How is UDP used in multimedia system inspite of being connectionless

Question

We know that UDP does not care about segment (packet) in-order and their arrival on the destination.Then how on YouTube or VoIP (skype) are we able to stream videos?

If a packets is lost (doesn't reach the destination) , destination has no idea about it. so, it can't ask the target to retransmit it. And due to connectionlessness of UDP not necessarily all the segments reaches the destination in-order.

If a segment arrives out of the order, shouldn't the video being streamed be distorted? since the whole segment order is wrong now, because of that one segment is not on its place or packets reaches out of order.

This is ore an application layer question, i.e. off-topic here. But in short: Youtube and VoIP are very different things. Youtube uses HTTP, VoIP uses RTP. Only the latter is relevant for your question. The answer lies in the protocol and the codecs used: the codecs can deal with lost packets, i.e. no retransmit is needed. And the RTP protocol has timestamps and sequence numbers so the receiver can detect duplicates, reordering deferred or lost packets. — Steffen Ullrich, Sep 09 '21 at 11:33
i believe this question falls under the category "design or theory of protocols used to operate a network (e.g.
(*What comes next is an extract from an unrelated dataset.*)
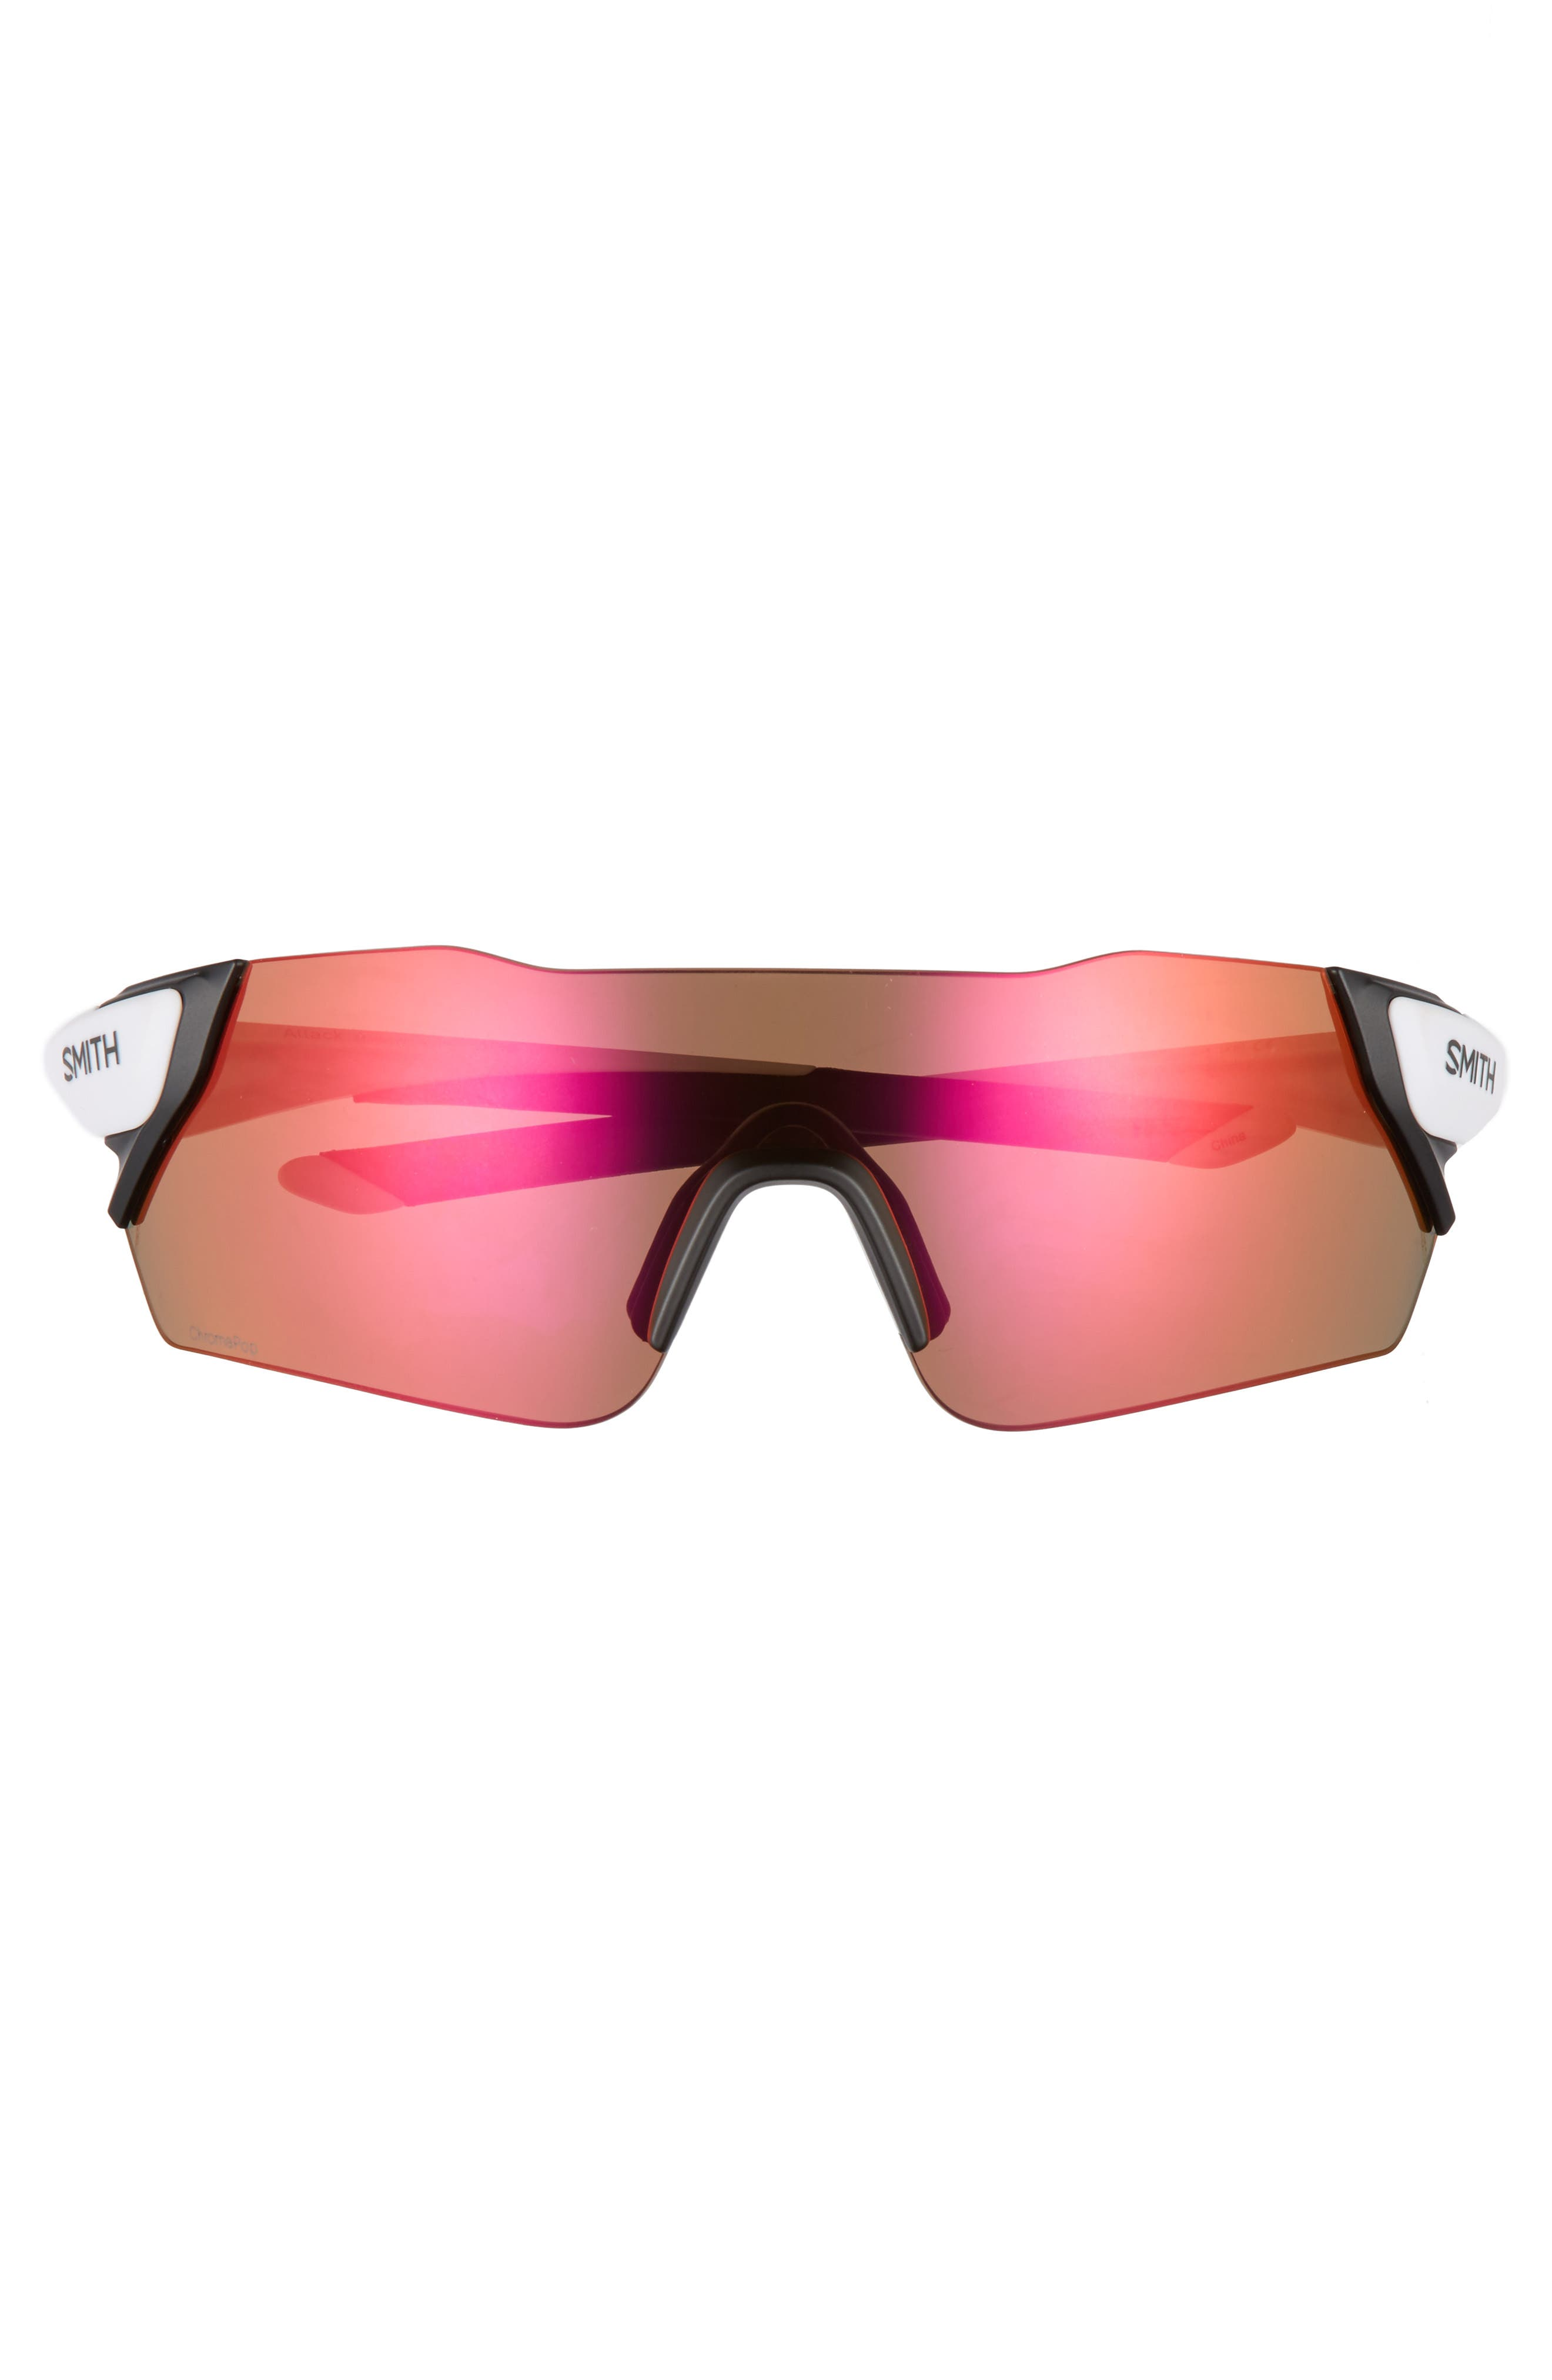 Alternate Image 3  - Smith Attack 125mm ChromaPop™ Polarized Shield Sunglasses

IP, TCP, routing protocols, STP, etc);" transmitting multimedia over IP networks is not that trivial and there are basic principles. — Effie, Sep 09 '21 at 11:42
@SteffenUllrich "VoIP uses RTP" - there are a variety of VoIP protocols around. — Zac67, Sep 09 '21 at 11:44
Real-time applications cannot use retransmission as the retransmitted data would be received after it is useful. Receiving data after its useful life is wasteful of the bandwidth, and it can cause delays or lost packets in the still-useful packets on the wire. — Ron Maupin, Sep 09 '21 at 12:58
Consider that just like UDP, IP itself also provides no way to know if packets are lost or reordered. If it's impossible to to detect those situations when using UDP, it should also be impossible when using IP. And yet somehow, TCP can do it, even though it also uses IP. — ilkkachu, Sep 09 '21 at 19:40

Effie · Answer 1 · 2021-09-11T10:13:07.710

Short answer: Multimedia implements protocols on top of UDP. They implement the required functionality. Actually, they have more functionality, and are more complex than TCP.

Less short answer: see the answer of @Zac67.

Long answer: I hope that the text below will provide you with a better understanding on this issue.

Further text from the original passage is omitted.